ENTRIES SUPPLIED ::
┌────────
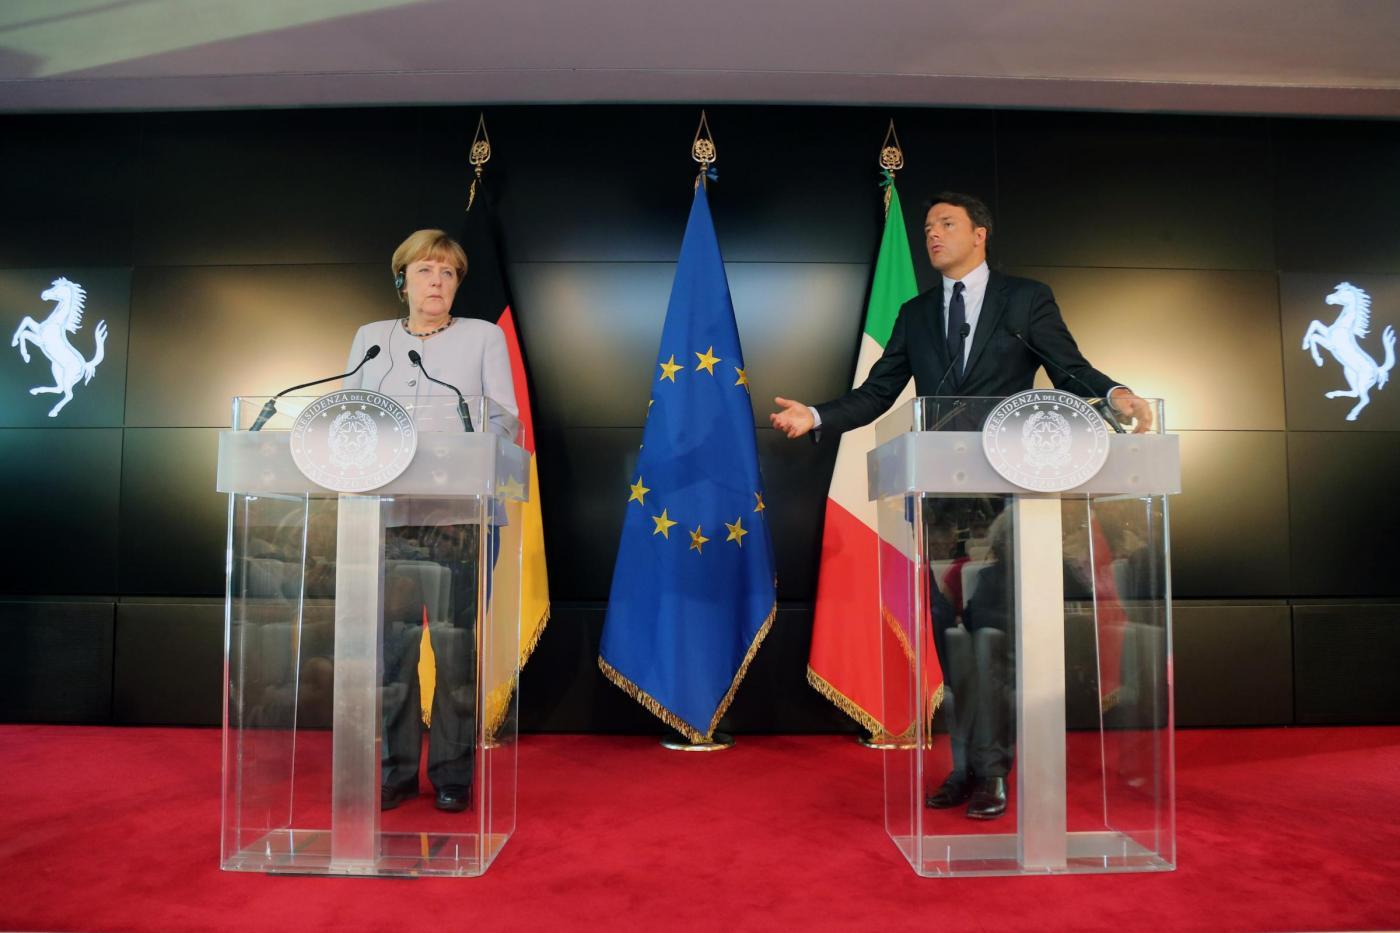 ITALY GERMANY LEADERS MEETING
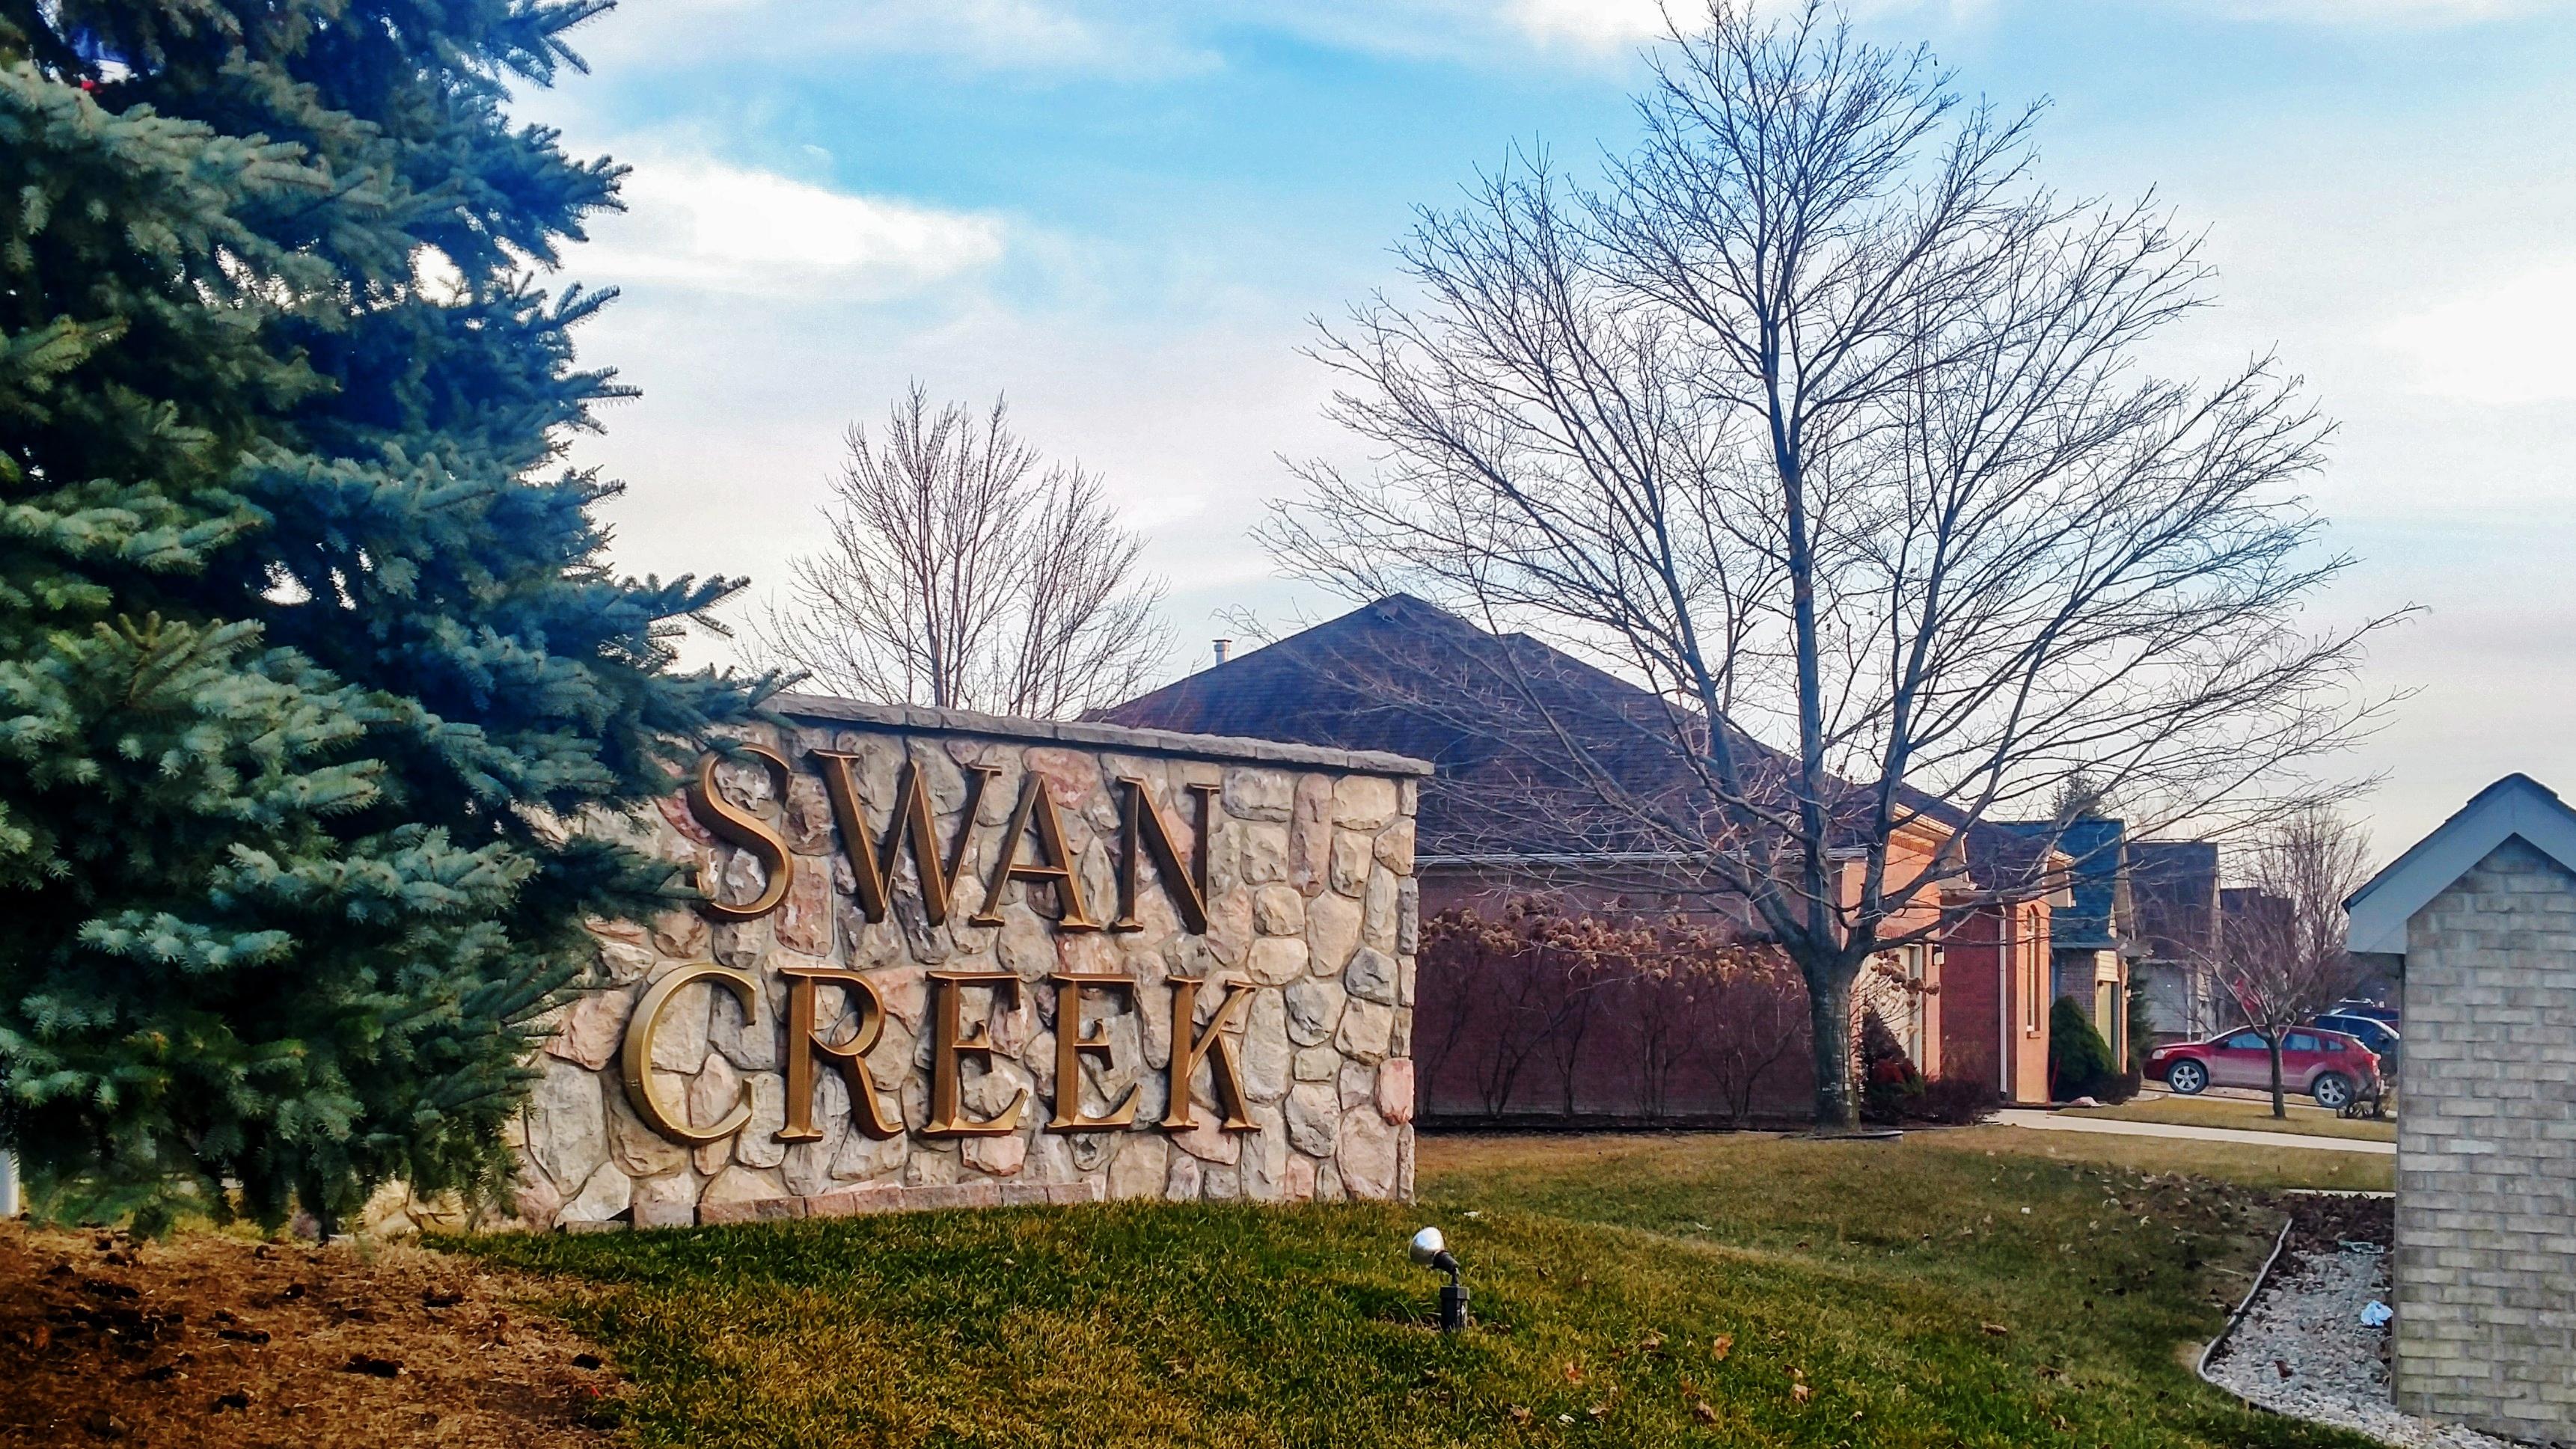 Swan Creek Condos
└────────
┌────────
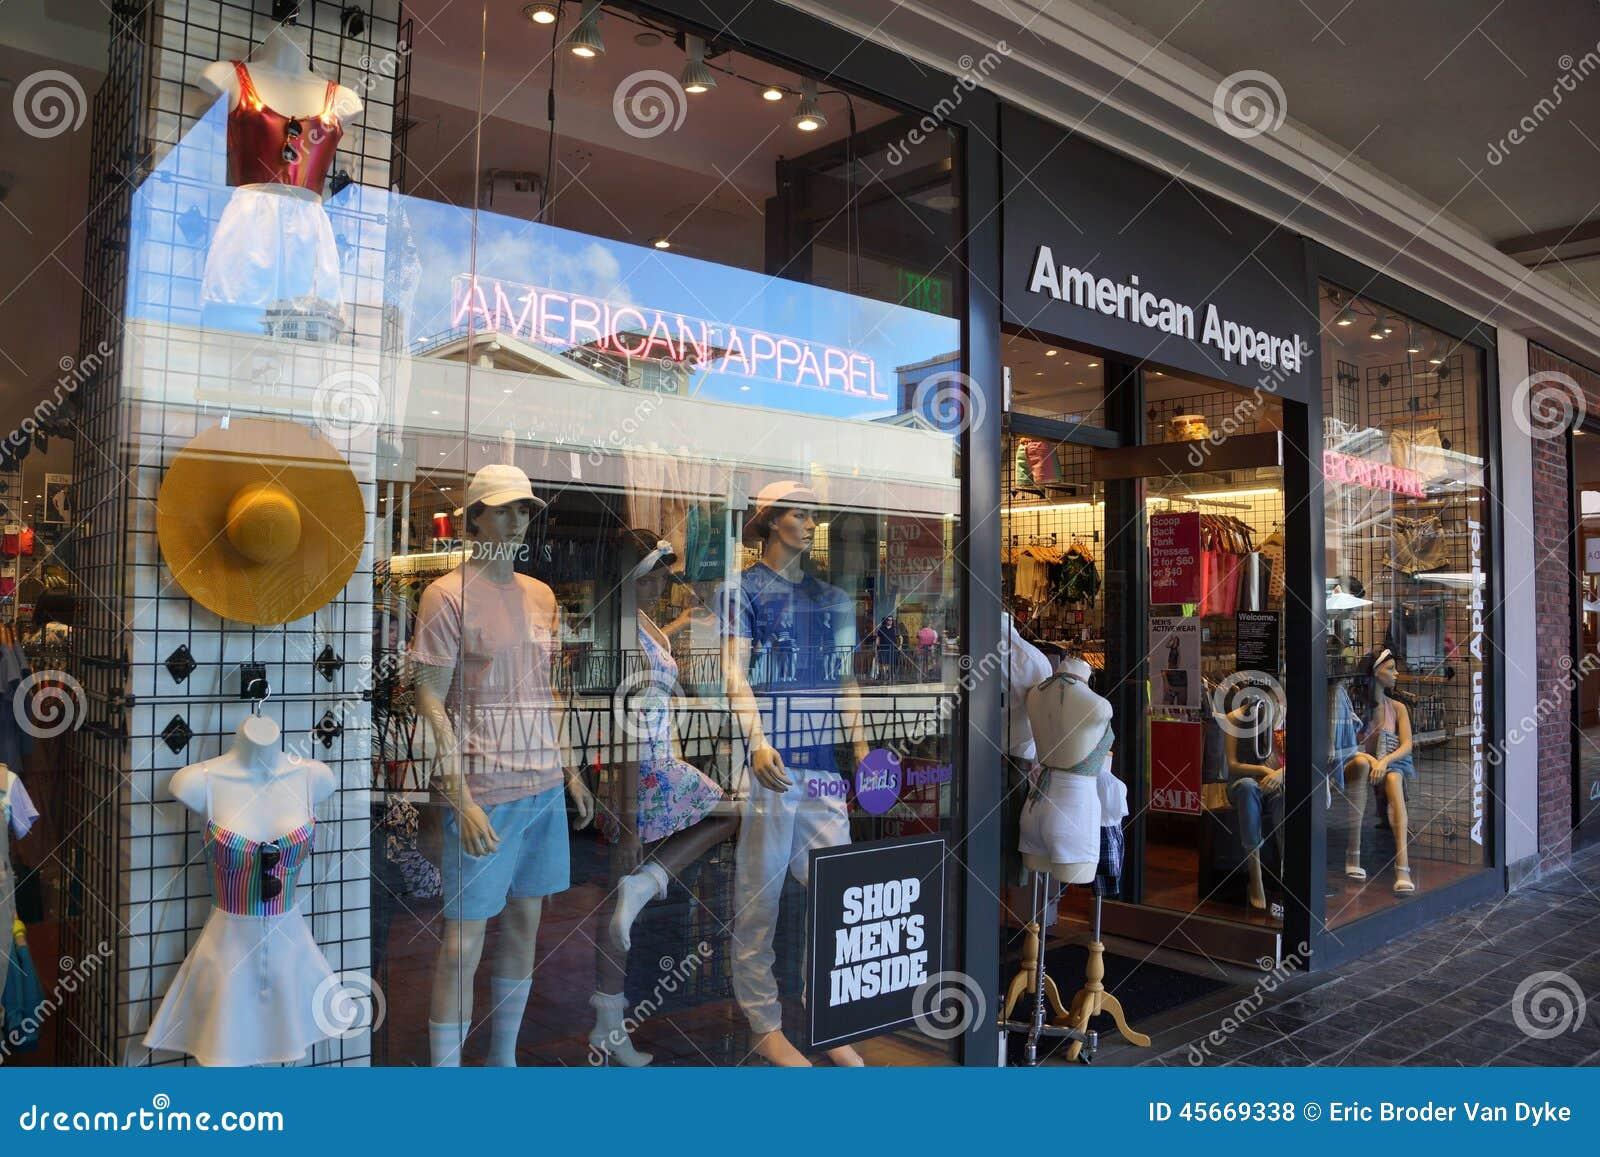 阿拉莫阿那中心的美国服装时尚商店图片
└────────
EXERCISE AIM :: Within the listing above, copy exactly the lines that start at the one with "ITALY GERMANY LEADERS MEETING" and continue through the one with "Swan Creek Condos". Omit pictures.

OUTPUT OF THE TASK ::
 ITALY GERMANY LEADERS MEETING
 Swan Creek Condos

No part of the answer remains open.